The Streaming Wars Were Just Plain Weird
Netflix climbs to the top of the streaming-success mountain only to see a much bigger mountain in front of it still to climb: The streaming wars were always going to end like this as the cable bundles unraveled. The studios thought they were building software platforms; what they actually built were loss-making bundles with worse economics than cable. A predictable hunt for scale, financed by free money, ended with the old studios crawling back to the aggregator they had once sworn they would escape. Netflix didn’t out‑innovate Hollywood so much as outlast a series of balance sheets mispriced on the expectation of a permanent zero‑rate world. Now, however Netflix faces the true apex predator of the digital attention mediascape, in the hydra challenges of Sora and ninety other kinds of slop gathering in their lair in Mountain View, CA…
The weirdest thing about the “streaming wars” is that, both now ex post and back then ex ante, they look so utterly predictable.

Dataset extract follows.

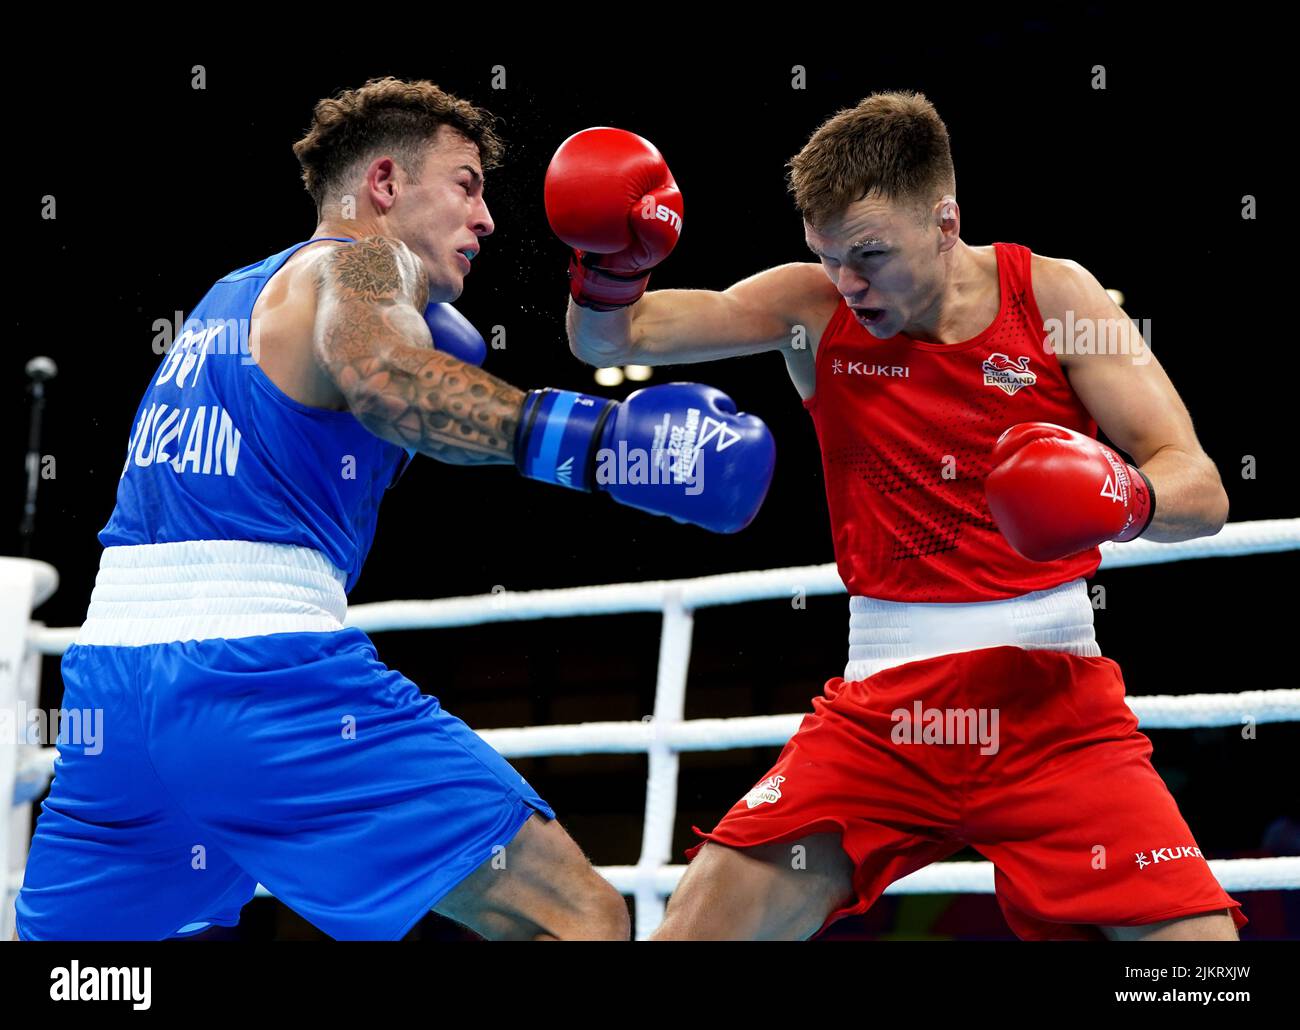 England's Lewis Richardson (right) and Guernsey's Billy le Poullain during the Men's Over 71kg-75kg (Middleweight) - Quarter-Final 1 at The NEC on day six of the 2022 Commonwealth Games in Birmingham. Picture date: Wednesday August 3, 2022. Stock Photo

Netflix rode a first‑mover advantage and very cheap capital to global scale. The legacy studios panicked at the sight of their licensing cash cow defecting to the rival camp. Everyone decided that the future of television is a loss‑making “growth” story dressed up in venture‑capital drag; too much money chased too few paying eyeballs. Eventually Wall Street discovered the P&L, demands free cash flow, and the brave new world of “everything on demand, ad‑free, at $6.99 a month” collapses back into bundles, ads, consolidation, and a frantic attempt to get back to the low-cost shared-monopoly of the cable bundle.
Meanwhile, YouTube quietly became the largest “television network” on earth.
But beforehand, from the inside, it did not feel the way it looked from the outside. It felt like a gold rush. And in what people imagine is a gold rush, everyone convinces themselves that they are Levi Strauss.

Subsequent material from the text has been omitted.